The East African nation has an SDR quota equivalent to $400 million against an annual economic output of $150 billion.
African economies deserve “more representation, more voting power, and improved quotas,” Eyob said, due to their growth in the decades since the IMF was formed.
DIFFERENT FACTORS
Kamau Thugge, Kenya’s central banker, said quotas should take into account factors other than the size of the economy, such as liquidity needs or balance of payments.
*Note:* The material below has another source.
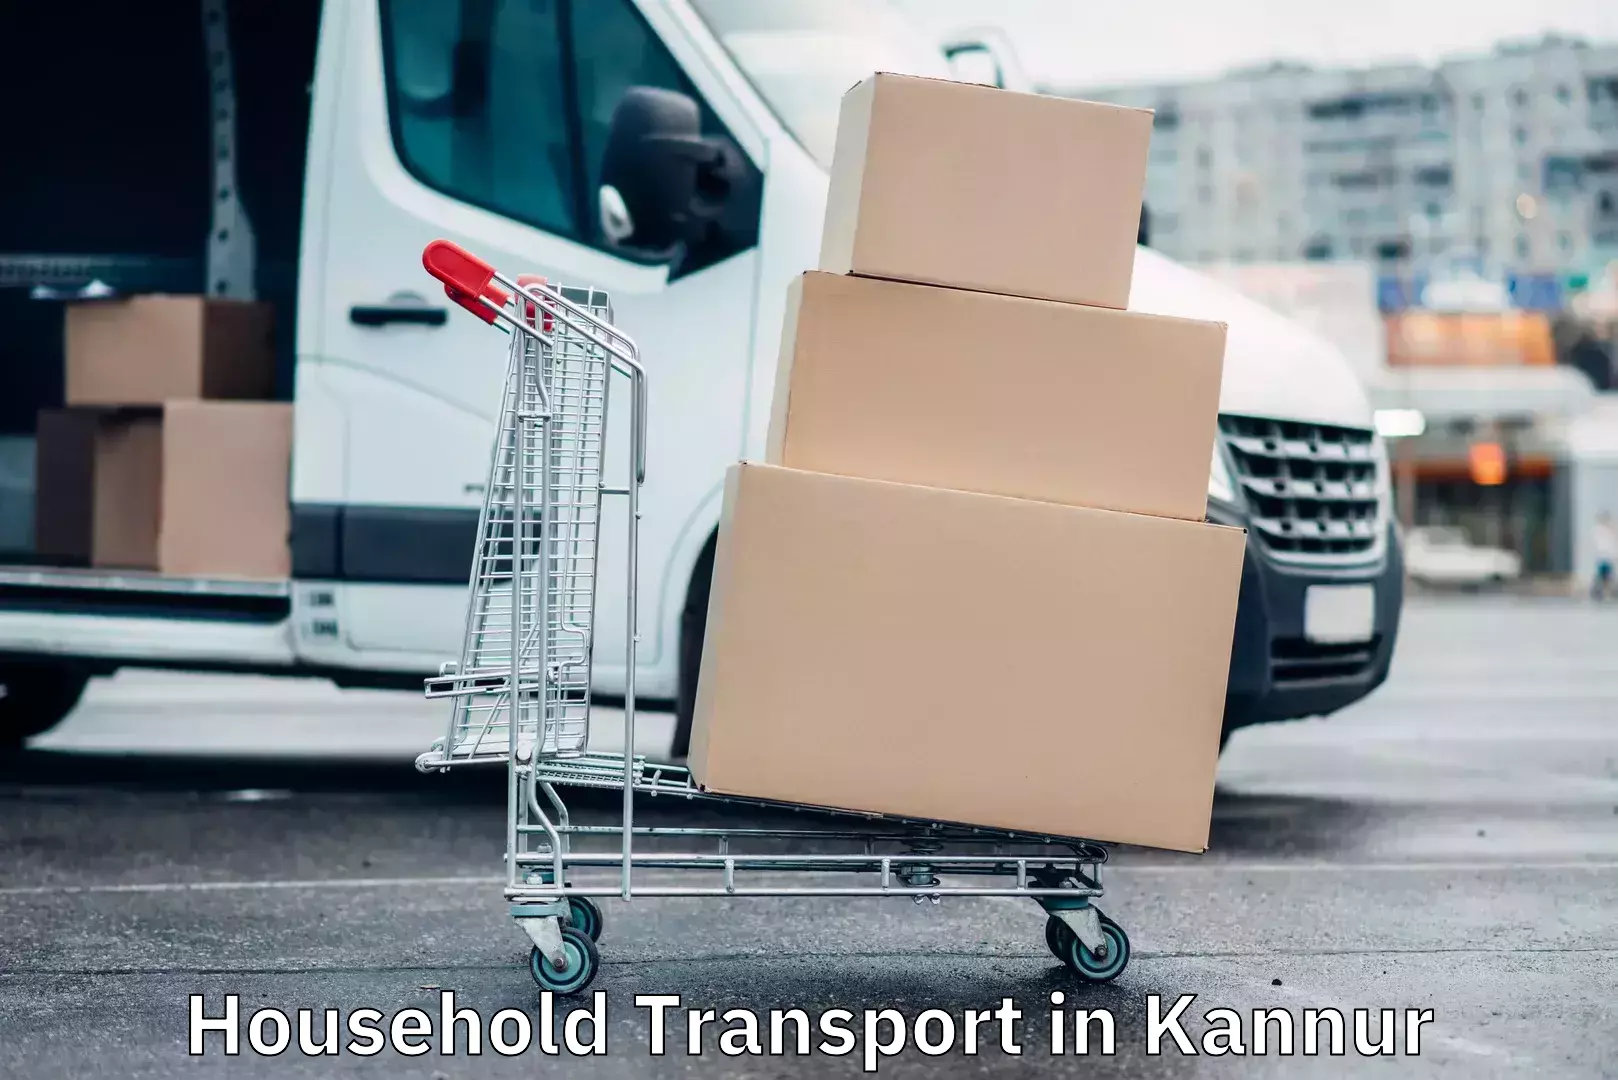 Household goods transporters in Kannur

Asked about Africa’s grievances, the IMF said it was hiring more staff from Africa and establishing new offices and training centres in the region.
“The most significant step we have taken to increase the voice and representation of Africa is to add a third chair,” said Managing Director Kristalina Georgieva on Friday. Several African countries, including Zambia, Chad, Ghana and Ethiopia, have defaulted on their debt in recent years.
Increased representation could help Sub-Saharan Africa not only shape how debt reworks are dealt with, but also tackle other threats, said Kevin Daly, portfolio manager for emerging market debt at investment firm Abrdn.
“Having another Africa voice on the executive committee, too, will also allow them to push harder for increased climate financing,” he said, adding that the continent was bearing the brunt of climate change caused by industries abroad.
A more prominent voice for Africa is inevitable, said Abebe Aemro Selassie, director of the Africa Department at the IMF.
One out of every two new entrants into the global labour force will come from Sub-Saharan Africa, he said, driving demand and consumption.
“One way or another, this will be the African century,” Abebe told Reuters.